Borrowed Truths

The Character of a Christian (Part 5)

Borrowed Truths

The Character of a Christian (Part 5)

Selflessness is the absence of self-will, but this lack of self-will must be filled by something, something or someone we would esteem as better than ourselves, more knowledgeable, wiser, more worthy than we value ourselves.

I would like to contend that perhaps the most difficult person I have ever had to try to get along with, the most selfish person I have ever met, is myself. Can you honestly say this about yourself, or did you have someone else in mind as you read those first few words. It seems as if we, and I will include myself in this statement can, as it were, at the drop of a hat, find something amiss, something wrong, with nearly everyone we know and meet. ‘Why did they do that’ or ‘why did they say that,’ “it isn’t what I would have done.”

“Whosever he be of you that forsakes not all that he has, he cannot be my disciple.” (Luke 14:33) Not some of what he has, or part of who he is, but all, everything that we love, want, have or desire must be placed at the feet of Jesus. The incredible blessings He has to offer to those that are willing to “die to self” (Gal.2:20) cannot be comprehended in this life, and so, “The just will live by faith.” (Rom. 1:17)

I have found though an impossible task in the flesh, to not use the word ‘I’ or myself, for in many normal conversations this would leave others confused as to the meaning of the words and thoughts we would try to convey. To always quote Scripture for an answer though, something I did for a period of time, until a wiser brother in Christ corrected me, comes across as pious at best, and can lead to the sin of vanity. Myself, yourself, me, my, the words that point at us seem to be everywhere at times, but this is not the context I am trying to convey here, these words are only a subterfuge for a deeper problem that needs to be addressed in nearly every believer almost every day.

Selfishness is a by-product of pride, along with haughtiness, vanity and boasting, these all lead to a path that is devoid of any of the fruits of the Spirt. Eventually, selfishness will be followed by strife, and then hatred, it is inevitable, for the further we search within ourselves for completeness, the further we fall form the Grace of God. Selfishness say’s “it’s mine and you can’t have it,” and it is one of the deepest, ingrained effects of the fall of Adam in us.
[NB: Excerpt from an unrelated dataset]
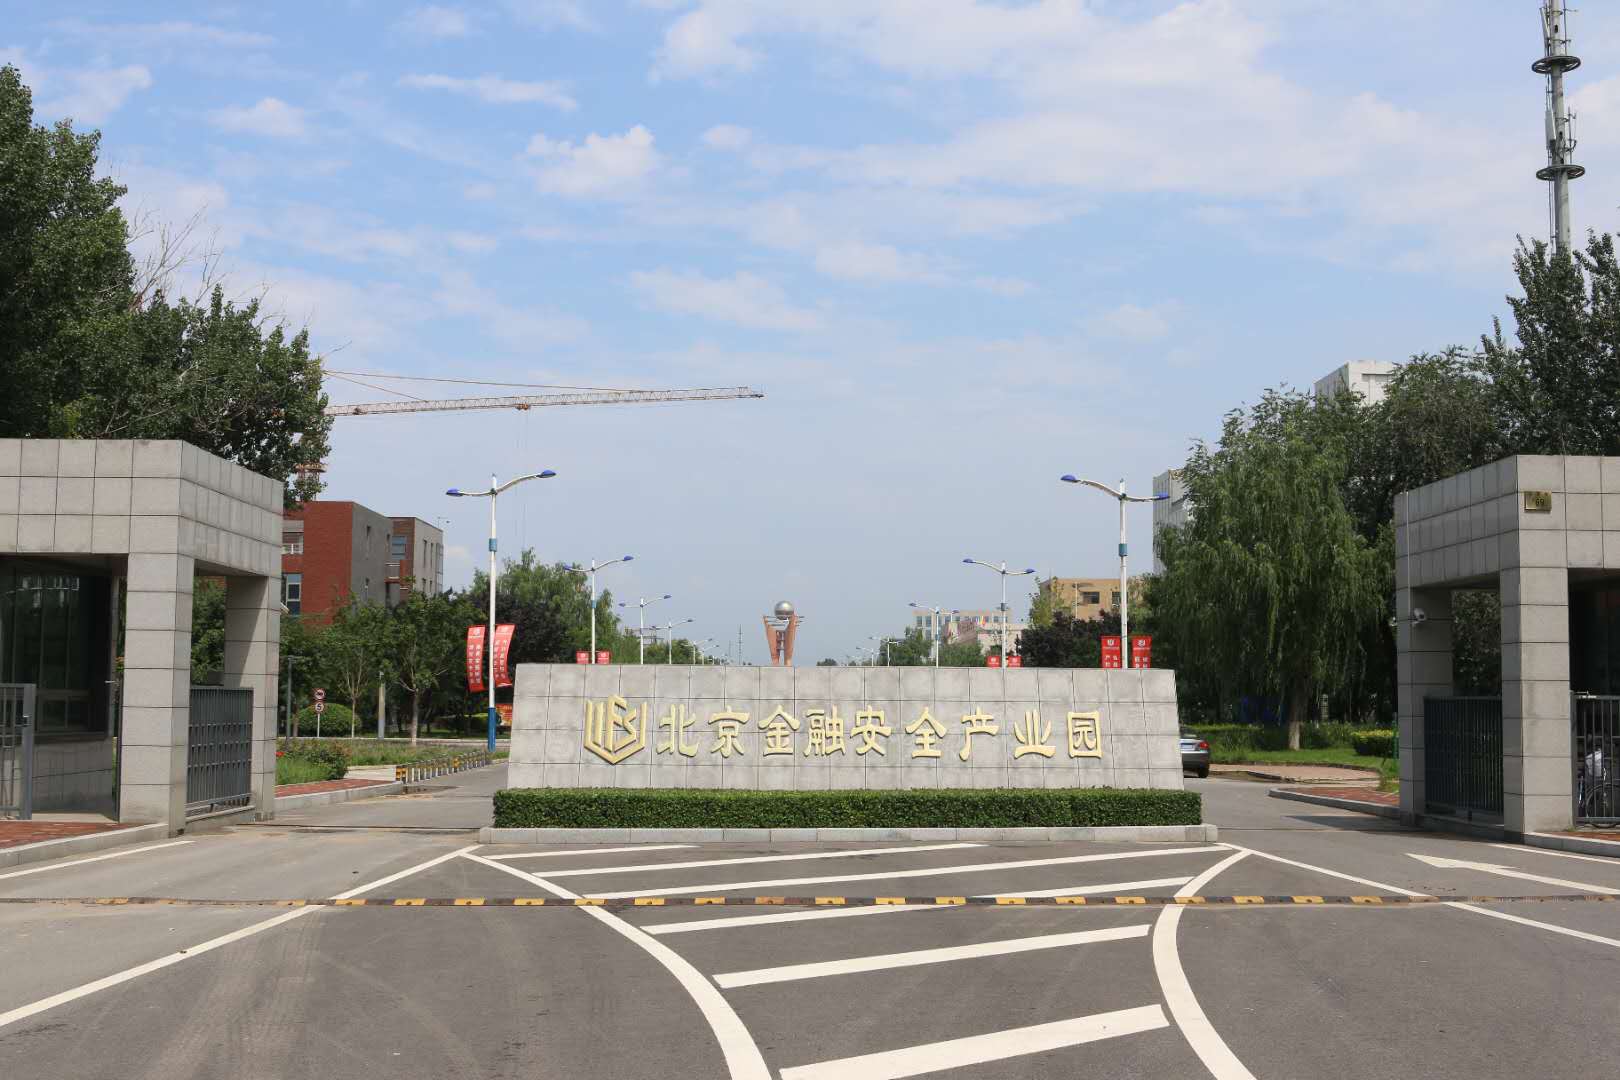  北京金融安全产业园有企业独栋办公楼，可出租出售，每栋楼面积2000-3000平方米，通水通电，交通便利，有政府政策优惠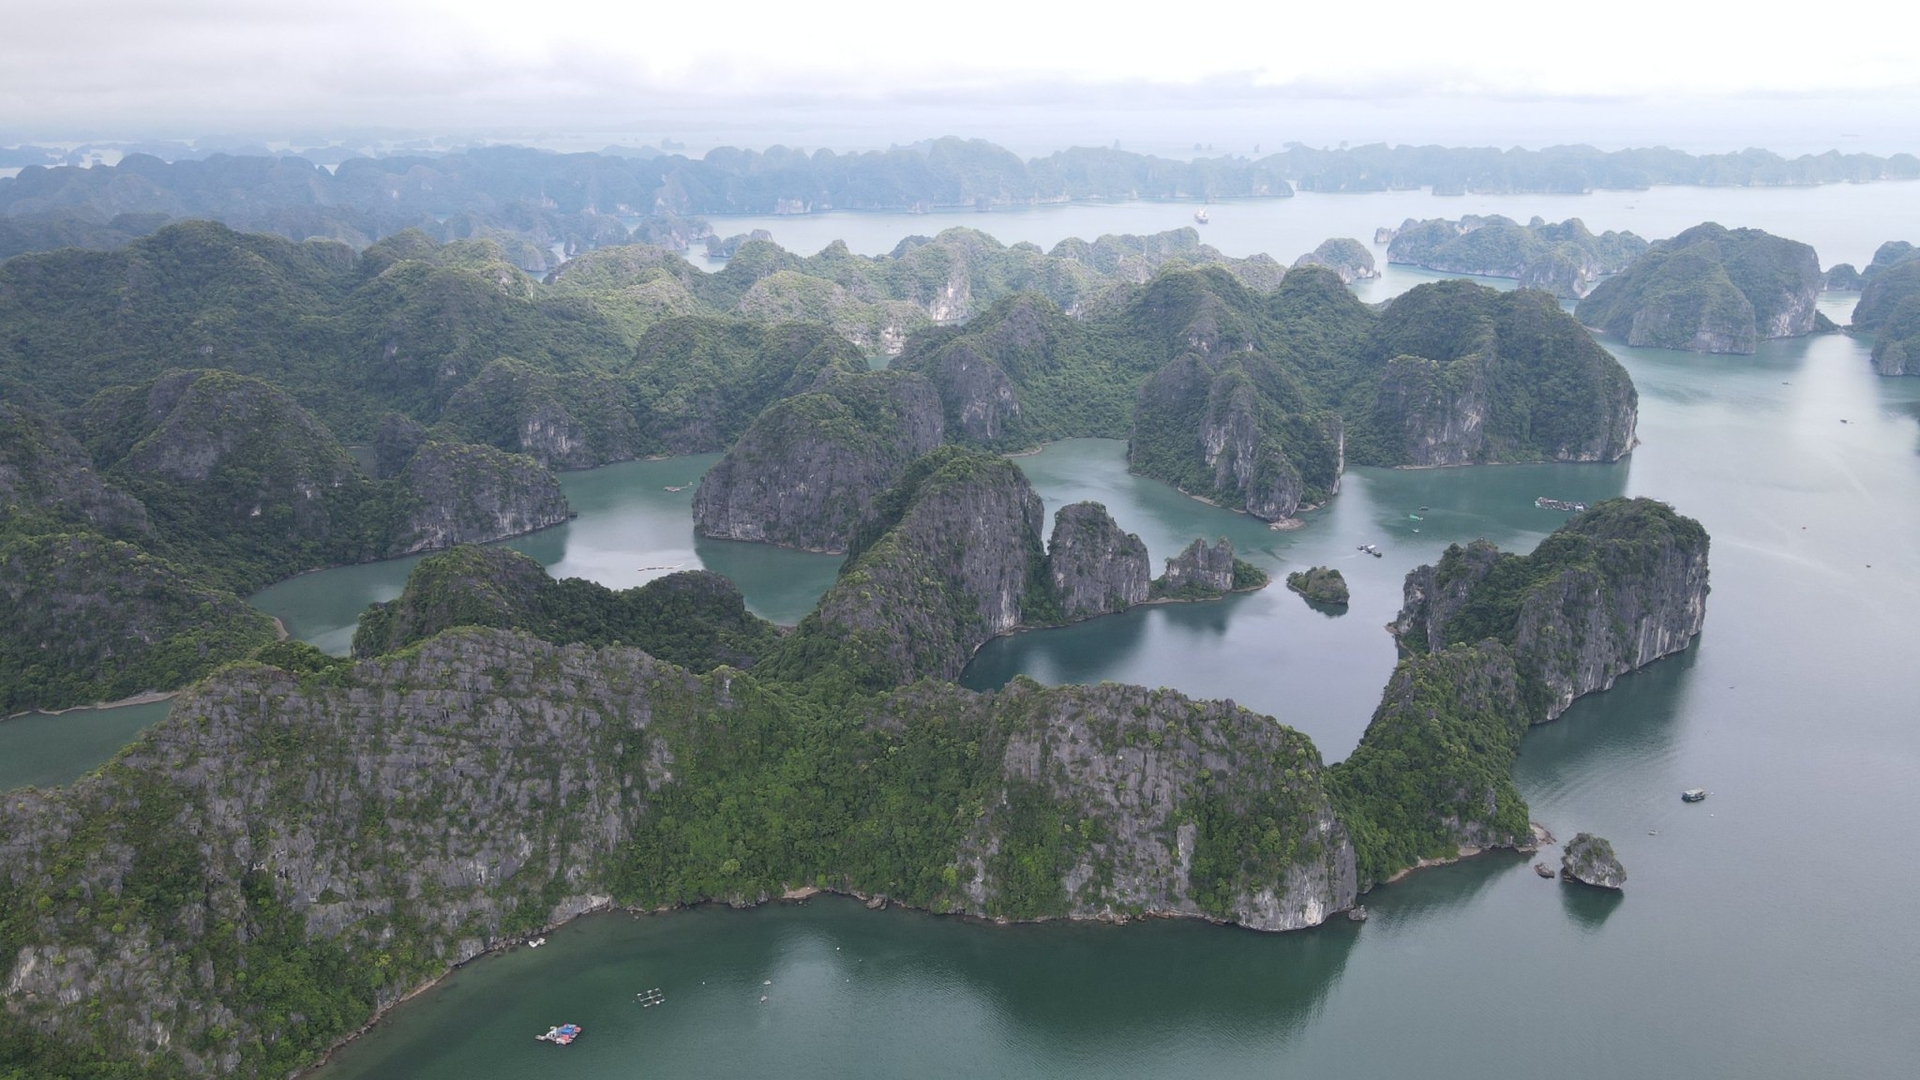 Quần thể vịnh Hạ Long - quần đảo Cát Bà được công nhận là di sản thiên nhiên thế giới. Ảnh: Nhật Quang.

Put a toy between two toddlers and you will understand the truth of these words, for the battle of “it’s mine” will begin.

It is impossible to “love your neighbor as yourself” (Lev. 19:17-18) if ‘your-self’ is more important than anyone else; it is unthinkable for us to “always esteem others better than ourselves” (Phil. 2:3) if we are selfish, and we are all that truly matters; “They loved not their lives unto the death” (Rev.12:11) is not speaking of someone who is concerned with themselves.

When Adam looked deeply into Eves eyes the moment before he bit into that fruit, the moment before sin stepped into the world, he thought of self, not of the commandment of God, nor of the possible consequences, but perhaps, of a love that would be lost to him forever, to a loss he did not think he could endure, of self.

Is there a deeper, more profound, heartfelt request from the Father than to die to self, so that He can show us what true love really means. In Bernard of Clairvaux’s book “On Loving God” he states, “The motive for loving God is God Himself, He gives Himself as prize and reward.” “For God so loved the world, He gave…”  One thought has slowly come to me and is continually assisting me in my own personal walk in the area of denying myself for His Glory, and it is this, that God did not make me because He has or had any need of me whatsoever. Very humbling.

“There is a way that seems right unto a man, but the end thereof are the ways of death.” (Prov. 14:12) That way is self, and the Divine can find no resting place in such a man, though he begs, as it were, and pleads with him, this man is important in his own eyes, and that is all that matters to him. “I will” is not “thy will.” A fool in Scripture is a man who orders his life as if there were no God, a man who though he puts some money in the offering plate, or stays at home to watch television, who sings the songs from the hymnal, or drinks till he passes out, is only thinking constantly of what others think of him, is only thinking of self. Reputation is what the world says you are, and self, most generally loves this, for it seeks it every day, and if it is not heard from others, we will tell ourselves the lie. Character is what God knows you are, and if you will listen to His infinite wisdom, self will die willingly, for His love for you and all that is best for you is undeniable.

We cannot do what our merciful Lord is asking us to do, what the Holy Spirit prompts God’s children to do, to die to self, but an obedient servant of Almighty God, will continue to be submissive to His will, and to be examples of our Lord Jesus Christ. Over time you will find that you matter less and He matters more, and then you will start to see all the others around you in a way that perhaps you have not seen them before, in love. Then His joy will be your joy, and your joy will be full.